En résumé, l’expérience spirituelle rapproche et fait converger dans le fond universel,
alors que les formulations religieuses ou théologiques, naturellement dogmatiques et
divergentes, entraînent la séparation illusoire.
C’est là un point très important pour le dialogue inter-religieux - que je préférerais dire
“ inter-traditions ”, d’ailleurs. Il s’agit de fonder celui-ci sur la convergence fondamentale des
traditions, ce qui permet non seulement de respecter la diversité et les différences de l’autre
mais d’apprécier celles-ci comme une richesse. C’est la base de la vision d’unité dans la diversité.
Dans cette vision, nous considérons que toute tradition, spiritualité ou religion, est authentique
dans la mesure elle développe l’harmonie et la paix fondamentales ; c’est le critère
essentiel. De plus, une voie qui permet de réaliser ces qualités au niveau ultime ou absolu n’est
pas seulement authentique mais aussi complète. Au contraire, une tradition qui générerait
dysharmonie et guerre serait pervertie ou malsaine.
Toutes les traditions authentiques partagent ainsi un dénominateur commun éthique et
spirituel. Celui-ci est précisément constitué par les valeurs essentielles au développement et à la
réalisation de l’harmonie, de la paix et du bonheur. C’est ce qui fait sa valeur et sa pertinence
universelle et permet d’envisager une vision éthique et spirituelle globale.

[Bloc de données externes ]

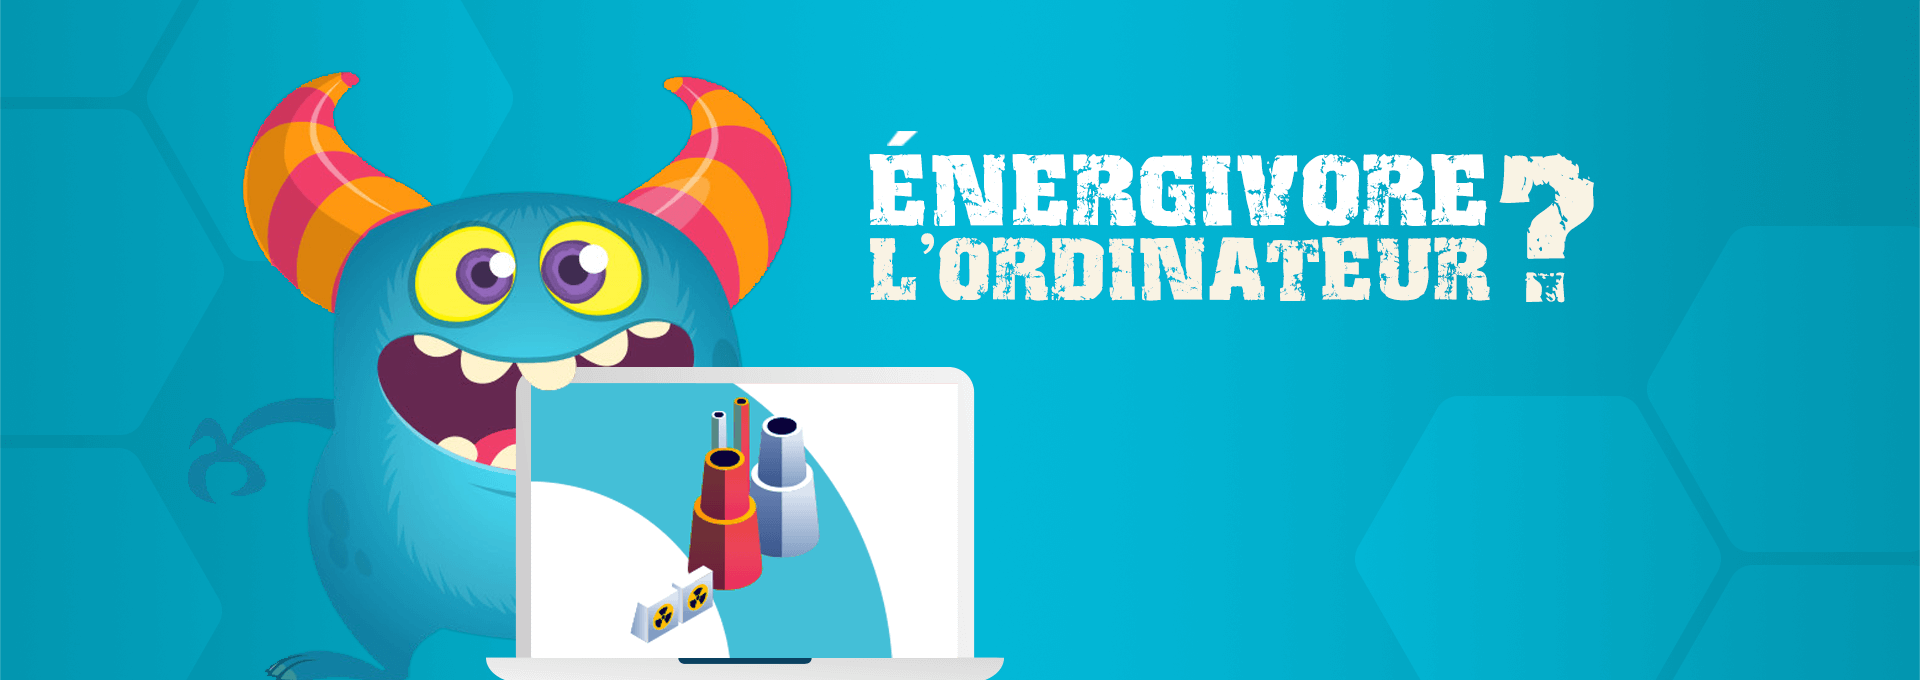 énergie énergivore ordinateur

L’éthique universelle peut s’établir à partir du constat que nous sommes tous égaux dans
notre motivation au bien-être : tout vivant aspire au bonheur et à éviter la souffrance. Dans
cette motivation, autrui est naturellement mon semblable. Ainsi nous pouvons tous nous
rejoindre dans le principe de non-violence qui consiste à éviter de faire subir à autrui la violence
ou la souffrance dont je ne voudrais pas moi-même être victime : “ Ne fais pas à autrui ce que
tu ne voudrais qu’il te fasse ”. Cette règle, nommée Règle d’or de l’éthique, est non seulement
la base commune de toutes les traditions authentiques mais peut aussi être considérée comme
le principe fondamental d’où procèdent les différents préceptes et entraînements éthiques
enseignés par toutes les traditions, agnostiques ou croyantes.
Remarquez que cette approche a un caratère médical plutôt que juridique. Elle transmet
l’intelligence de la santé et du bien-être plutôt que les raisons de lois et les commandements. Elle
procède de la santé fondamentale de la vie et elle l’enseigne. D’un côté est l’harmonie de la
réalité ou de l’être ; c’est la santé fondamentale analogue à la santé physique pour l’organisme,
et cet état est naturellement bien-être et bonheur. D’un autre côté est la dysharmonie ; c’est la
réalité déformée ou l’être brouillé par les interférences que sont les illusions, un état de
dysfonctionnement analogue à la maladie et qui provoque évidemment mal-être et souffrance.
La thérapie sacrée est la voie de la guérison.